**Data supplied**
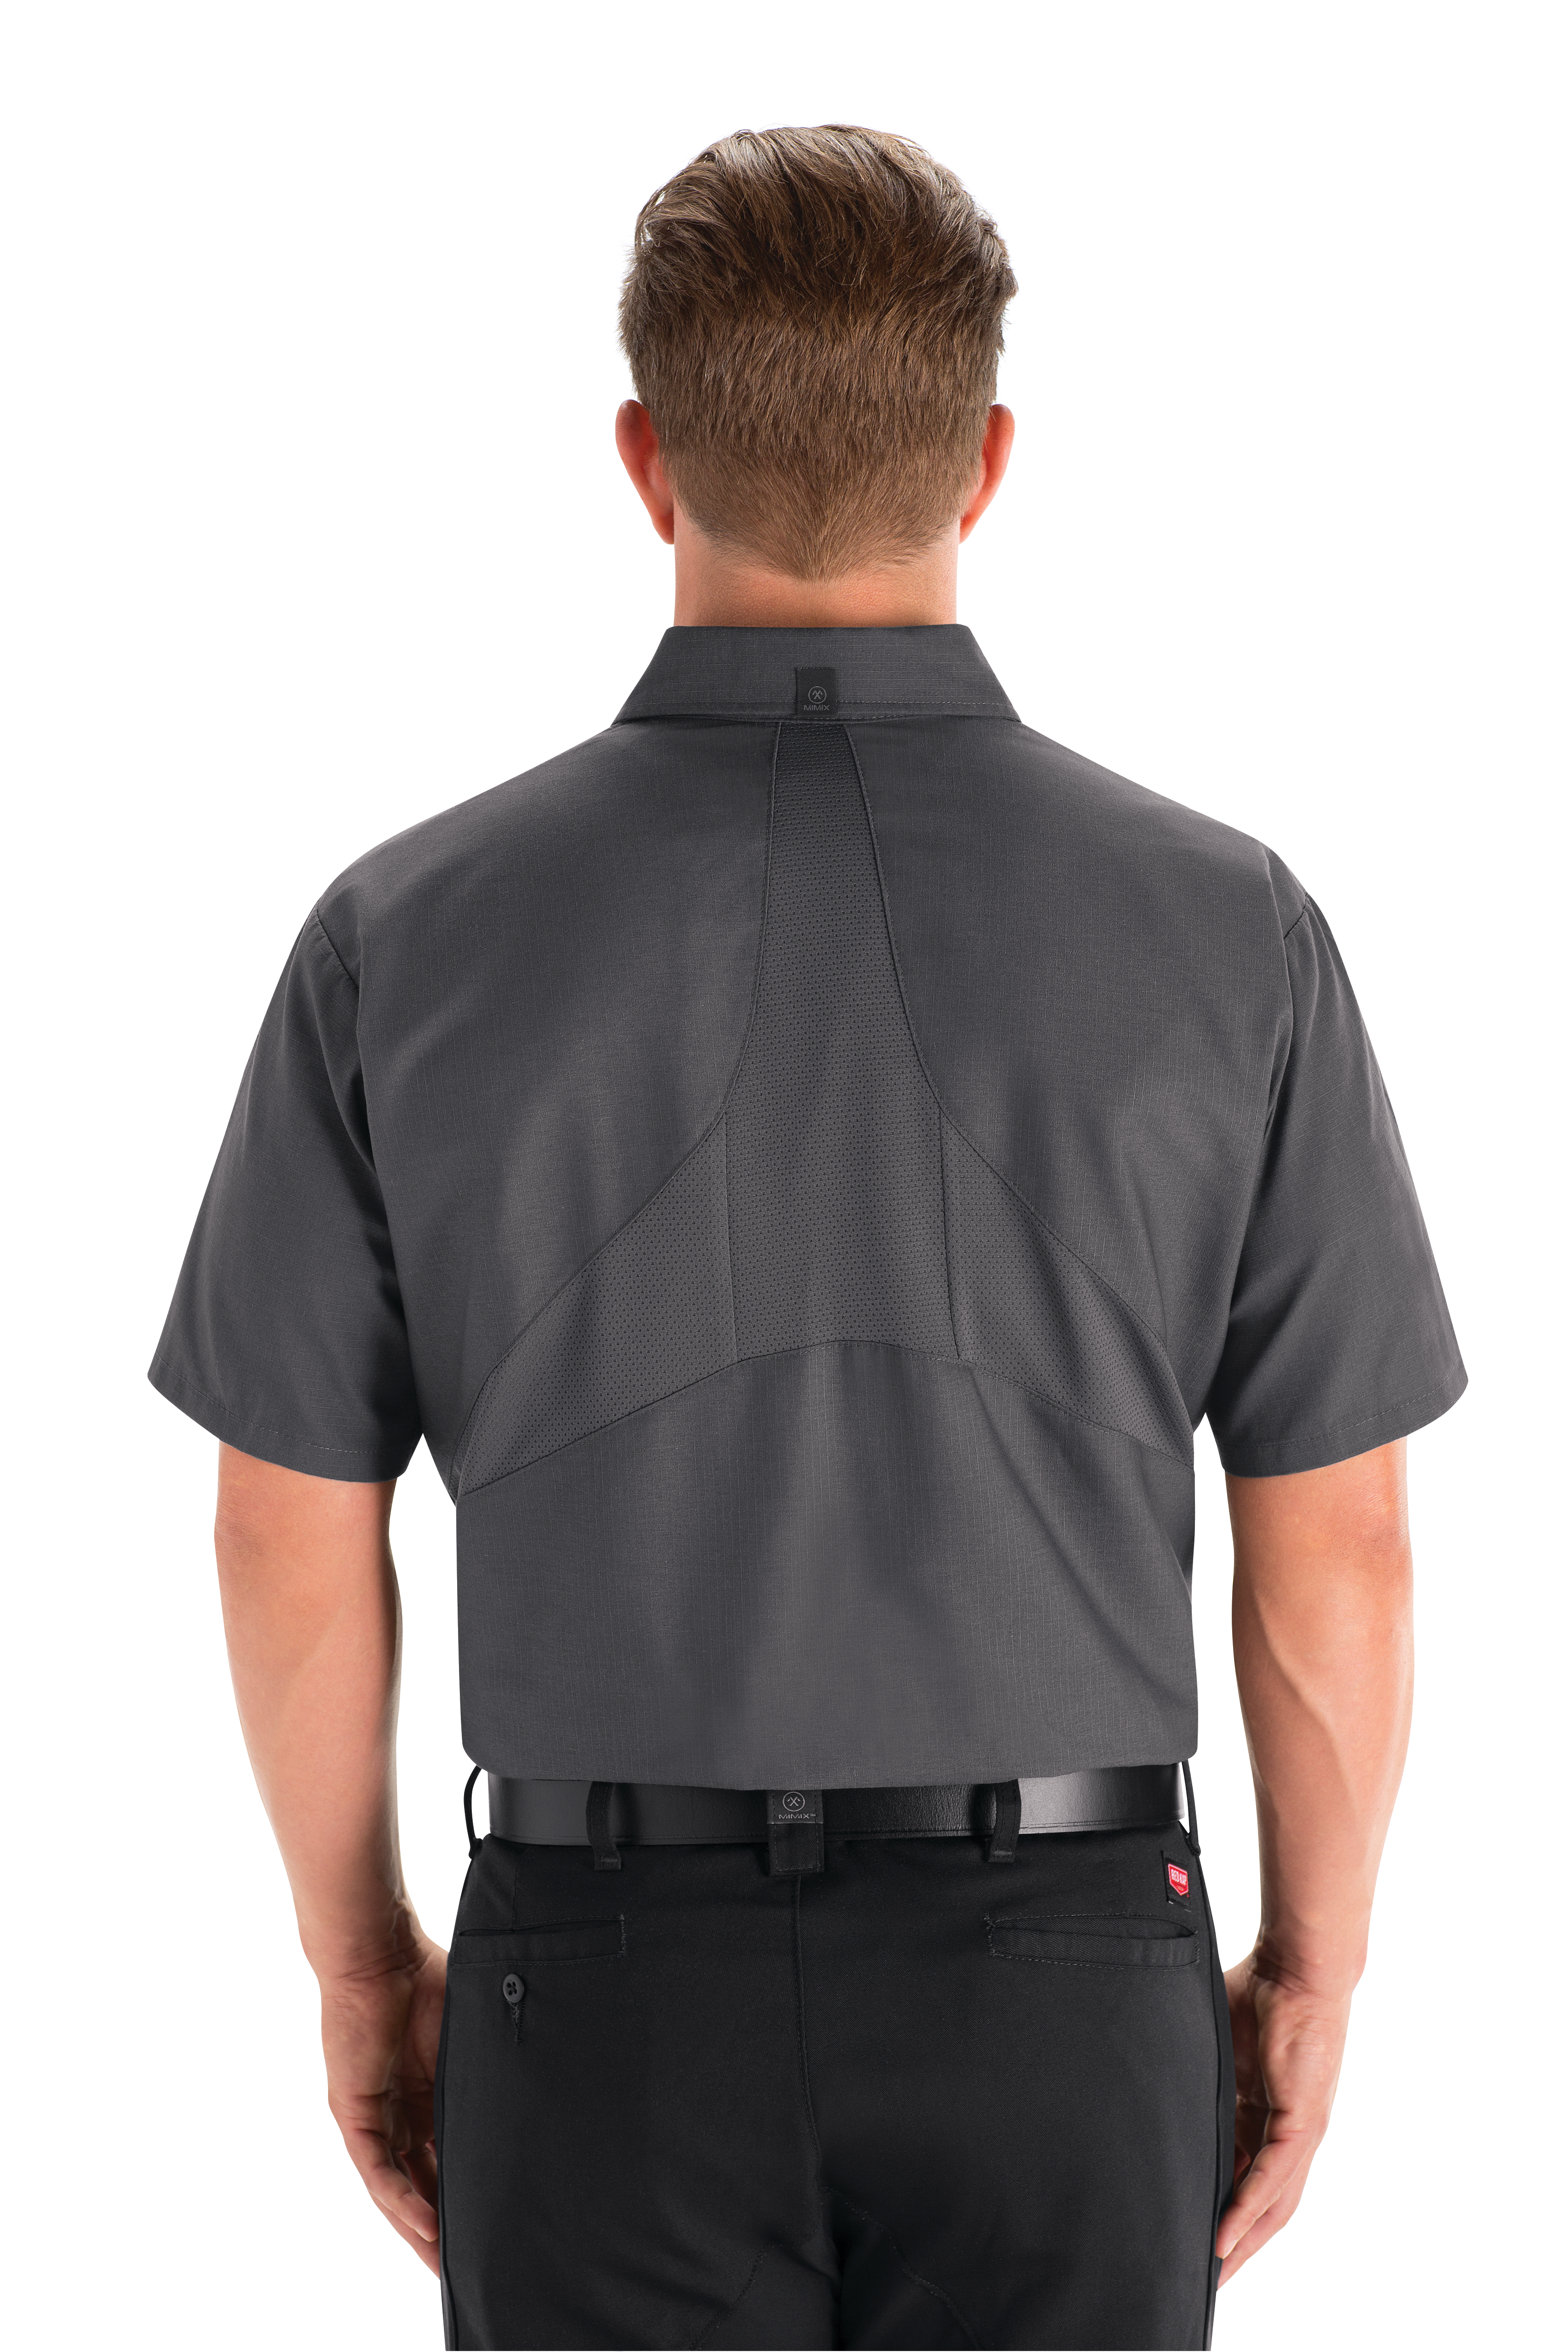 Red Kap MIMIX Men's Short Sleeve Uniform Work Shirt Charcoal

* * *

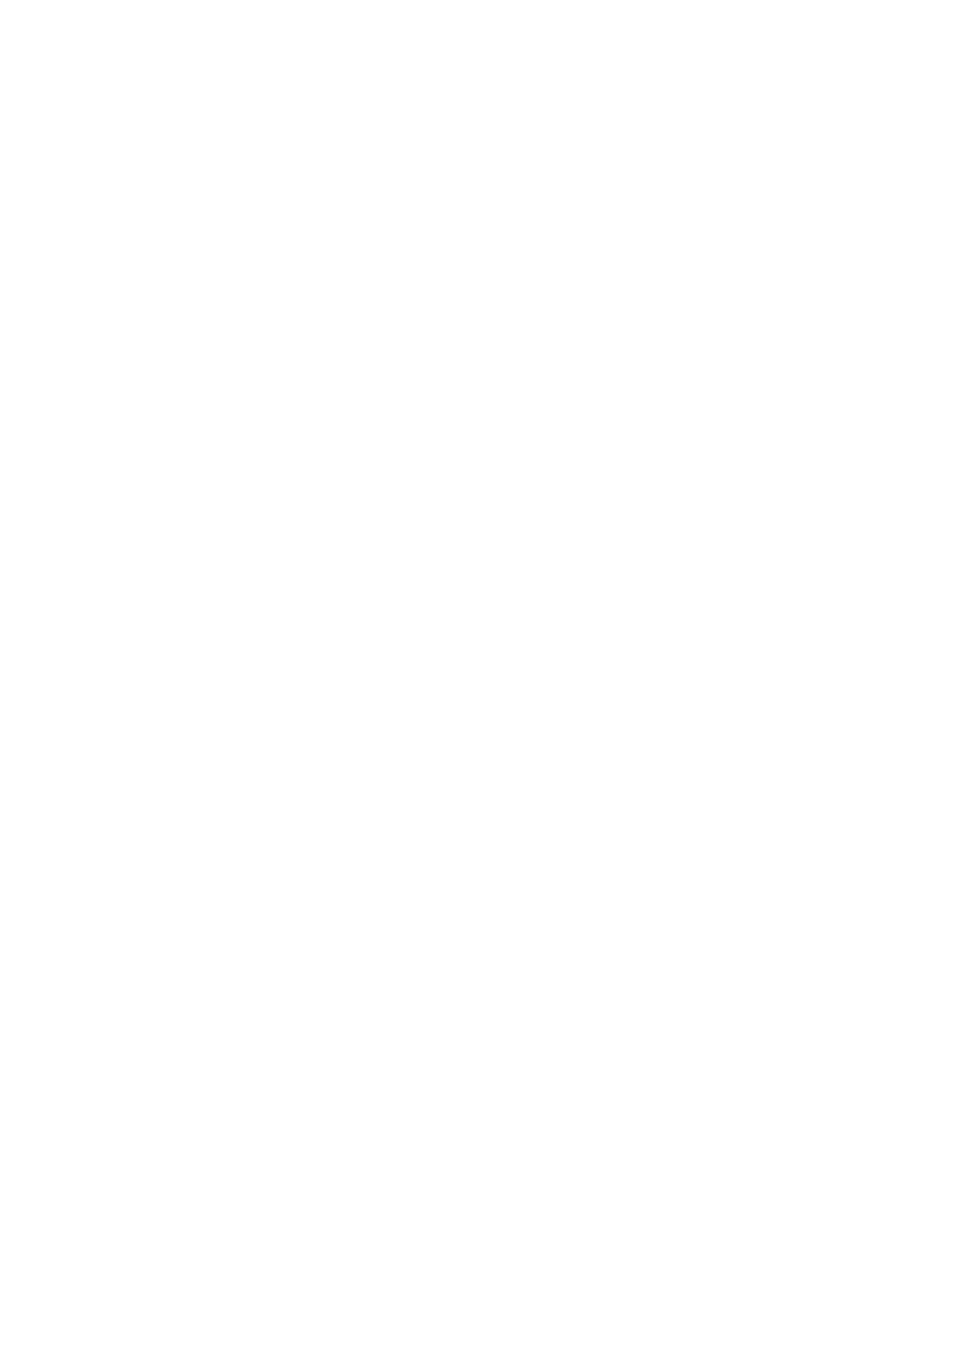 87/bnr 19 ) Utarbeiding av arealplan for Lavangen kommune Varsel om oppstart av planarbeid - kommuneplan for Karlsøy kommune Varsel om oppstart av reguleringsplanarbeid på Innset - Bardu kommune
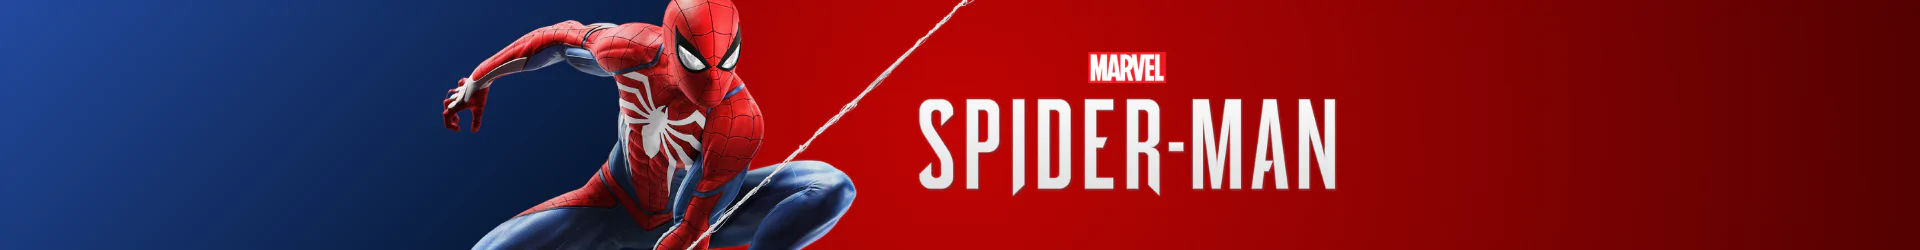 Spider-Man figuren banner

**Your task**
What is needed is an exact copy of only the lines above from the one with "87/bnr 19 )" to the one with "Spider-Man figuren banner", both kept, with every picture left out.

**Problem solution**
 87/bnr 19 ) Utarbeiding av arealplan for Lavangen kommune Varsel om oppstart av planarbeid - kommuneplan for Karlsøy kommune Varsel om oppstart av reguleringsplanarbeid på Innset - Bardu kommune
 Spider-Man figuren banner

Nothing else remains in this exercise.